» EXERCISE GOAL:
With the pictures omitted, repeat exactly the lines below starting with the line that has "Guitar Vector Music" and going on through the line that has "Edwards Garment 2510".

» RECORDS FOR THE TASK:
◇ ◇ ◇
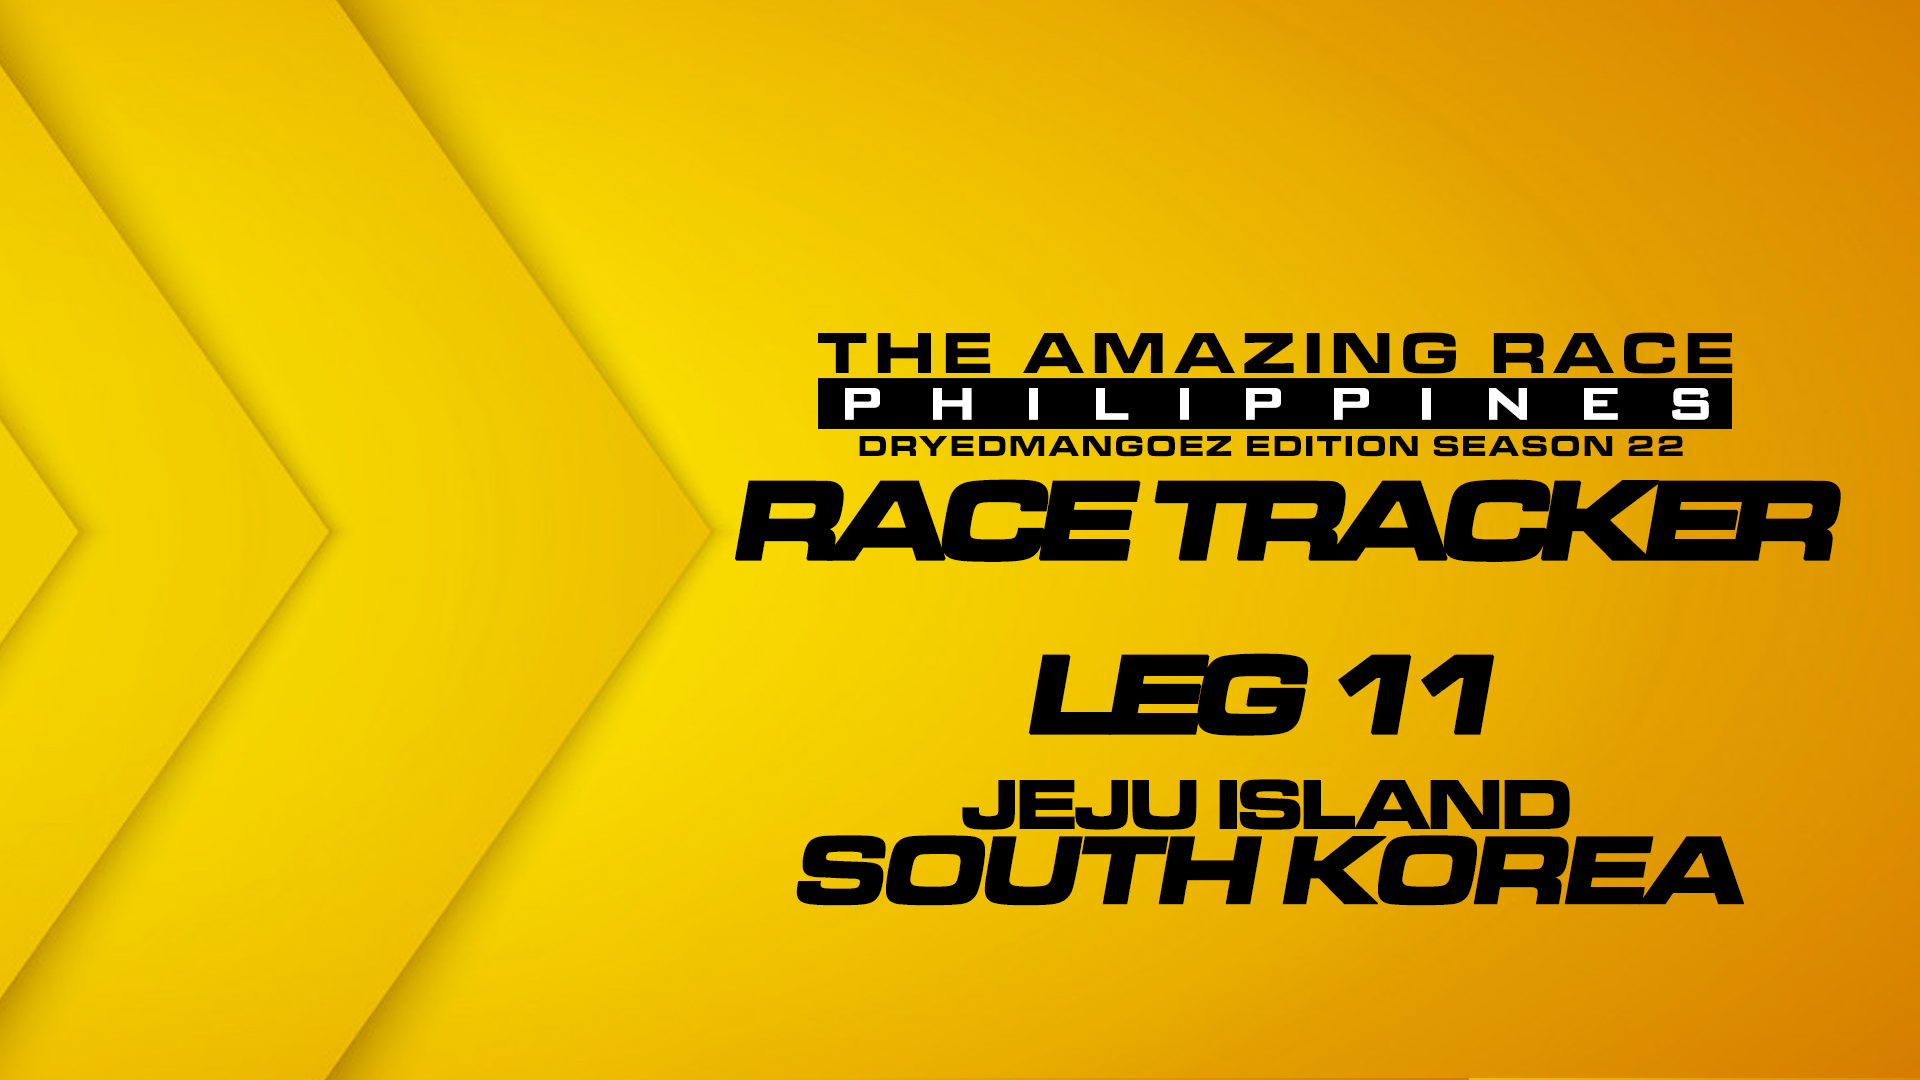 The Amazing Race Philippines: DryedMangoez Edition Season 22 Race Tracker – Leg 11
◇ ◇ ◇
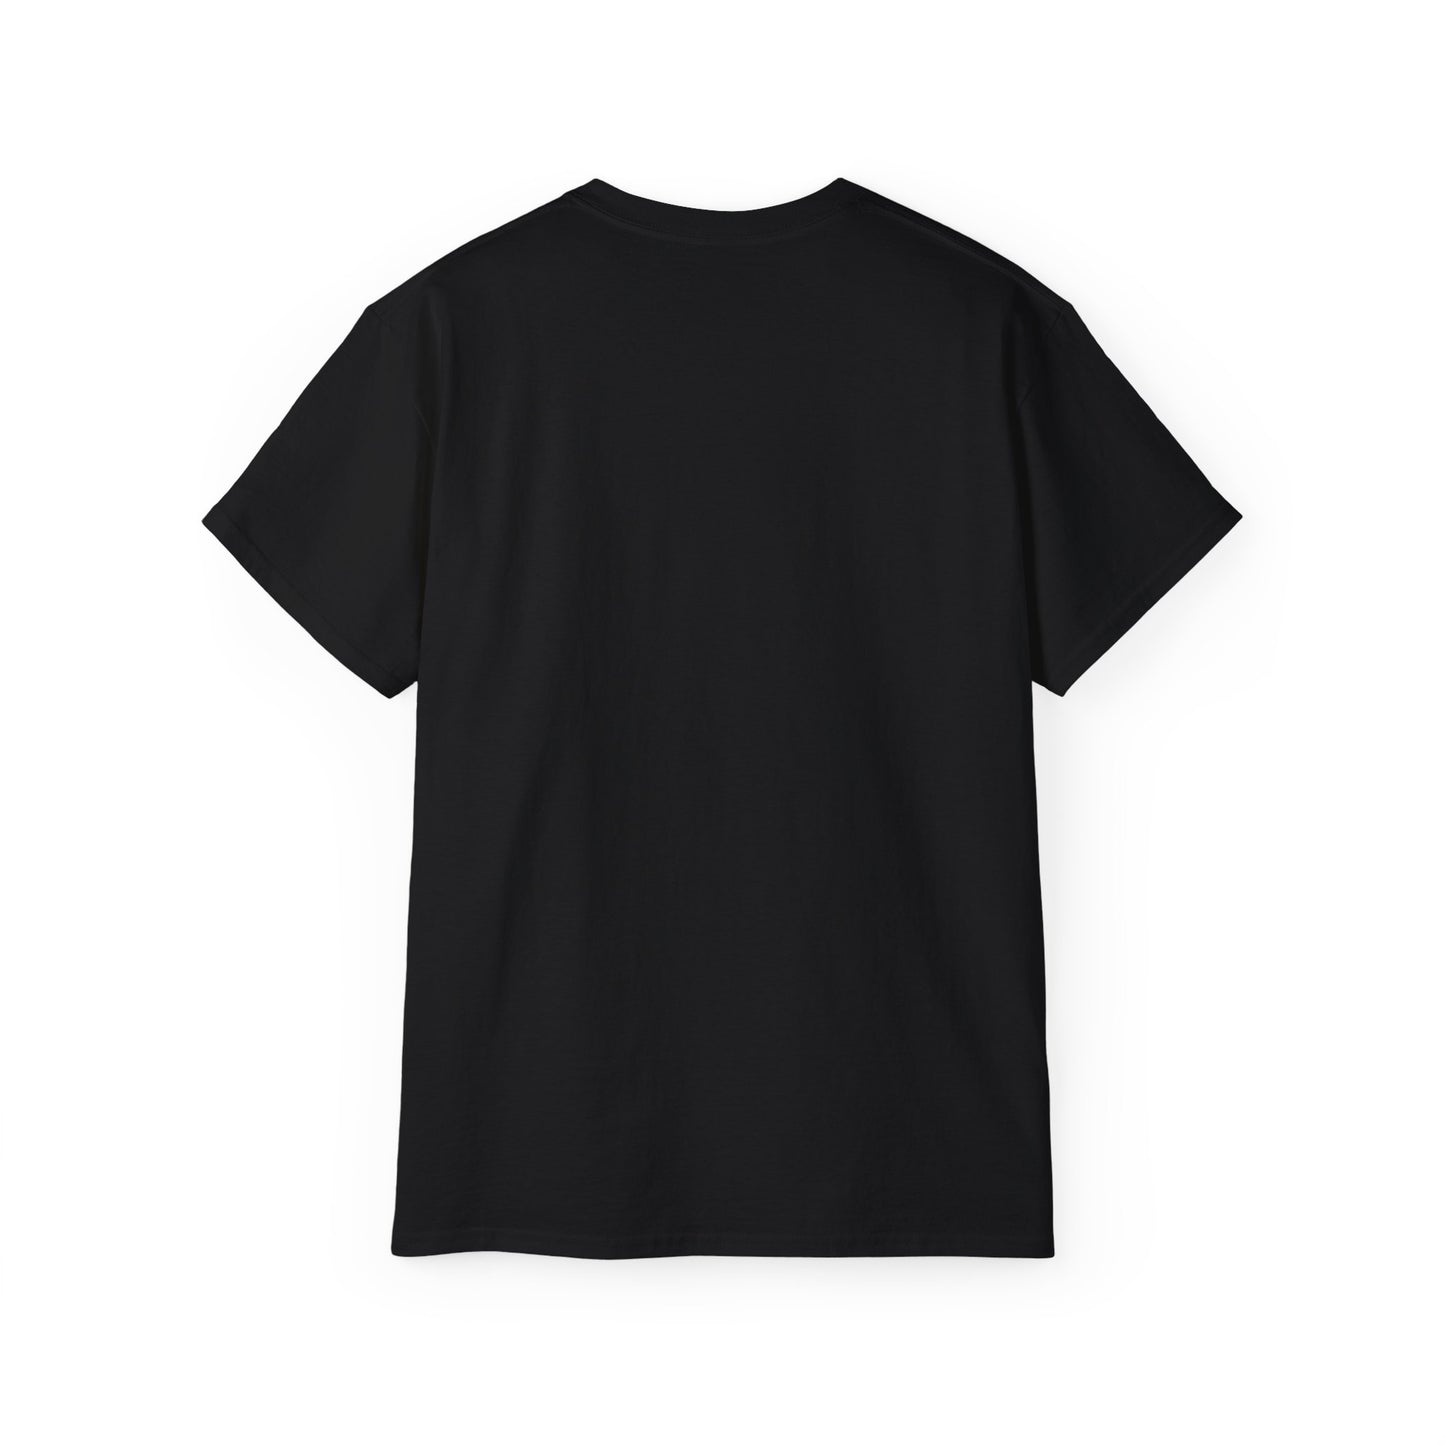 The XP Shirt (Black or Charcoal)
◇ ◇ ◇
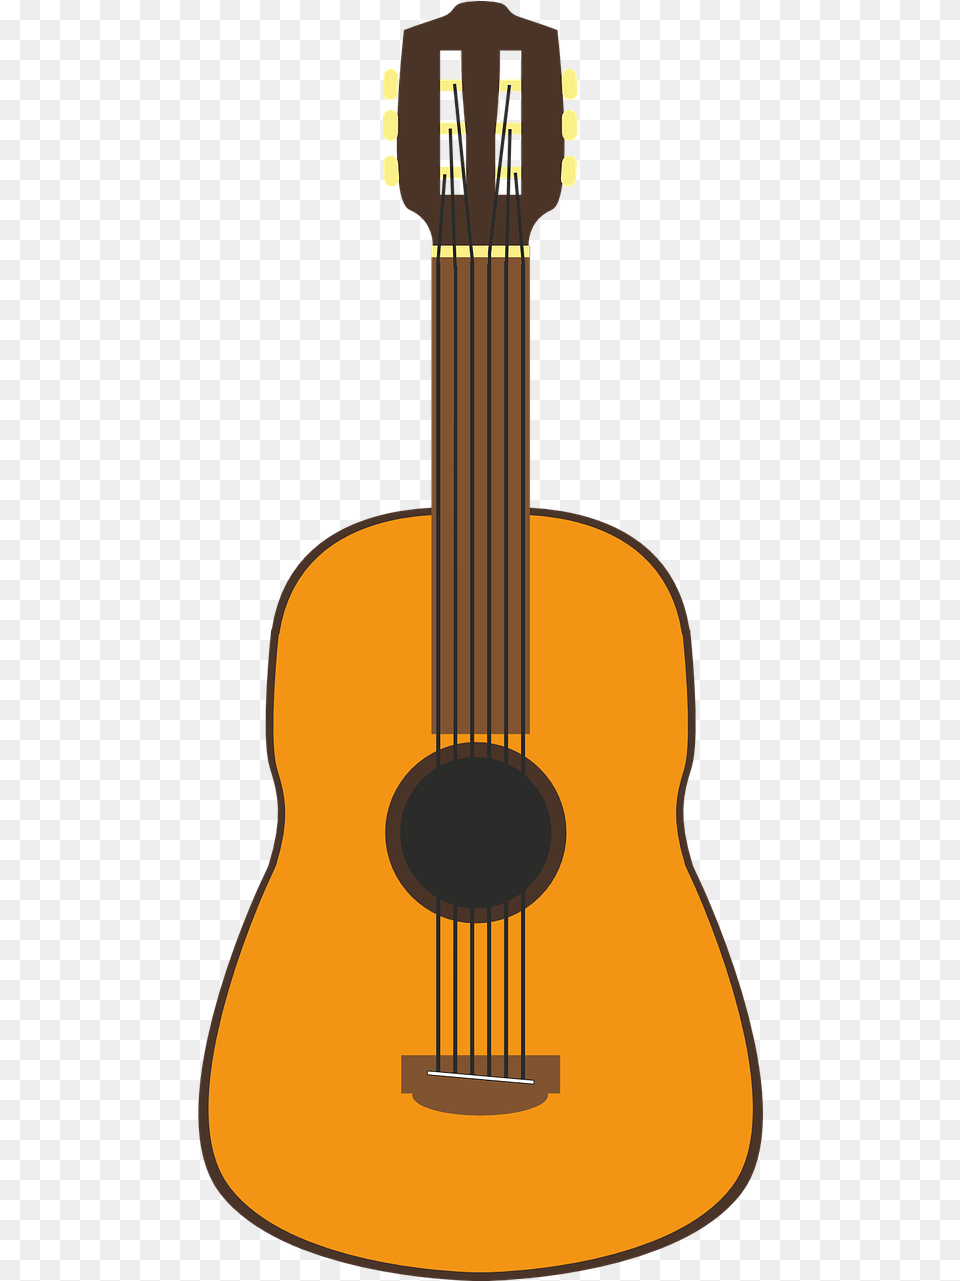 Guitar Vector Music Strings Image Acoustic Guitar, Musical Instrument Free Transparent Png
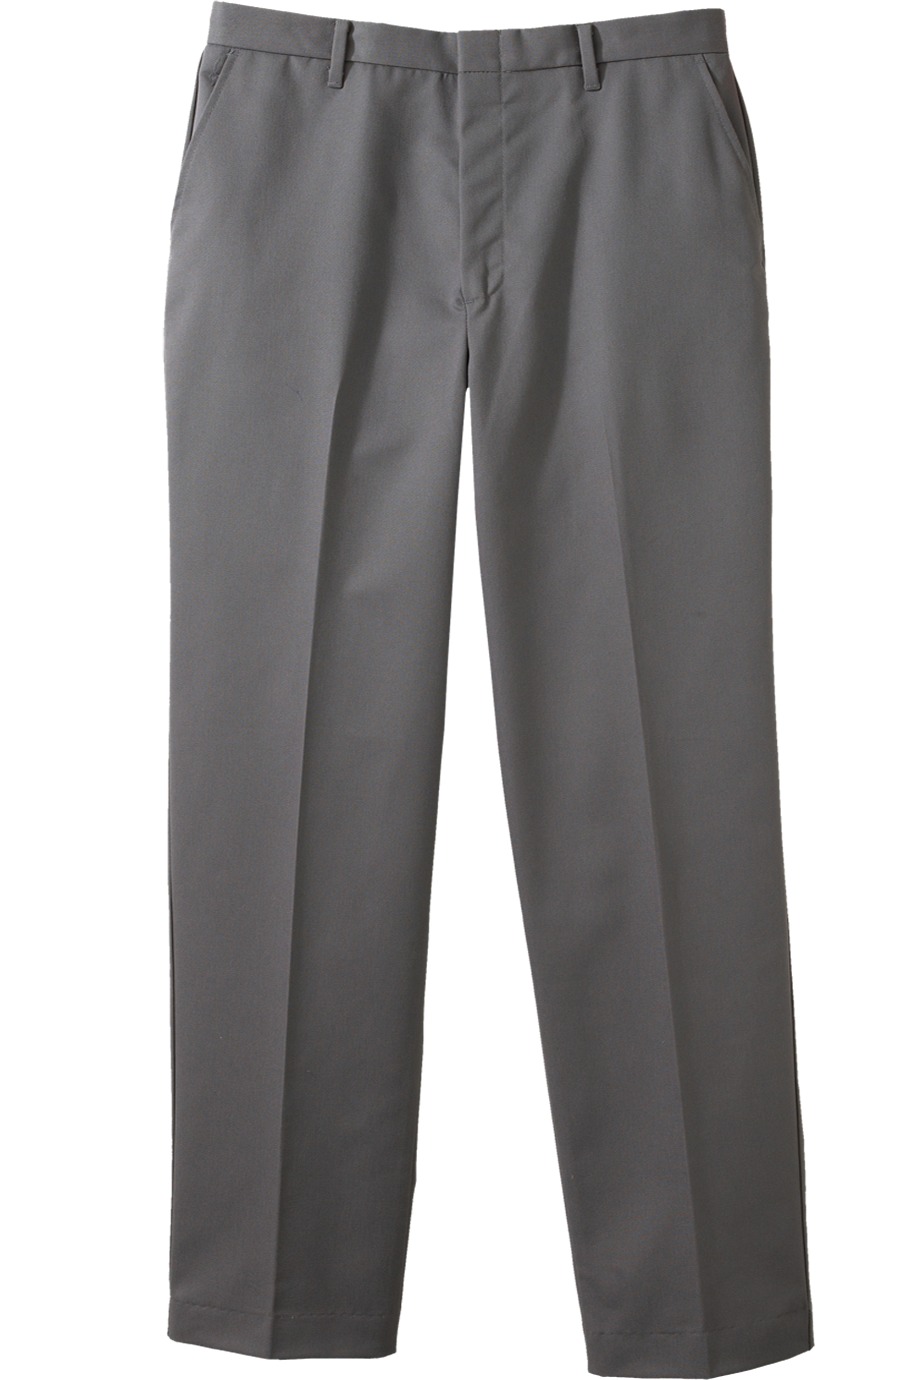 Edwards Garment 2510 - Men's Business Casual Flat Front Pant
◇ ◇ ◇
» REPLY TO THE EXERCISE:
 Guitar Vector Music Strings Image Acoustic Guitar, Musical Instrument Free Transparent Png
 Edwards Garment 2510 - Men's Business Casual Flat Front Pant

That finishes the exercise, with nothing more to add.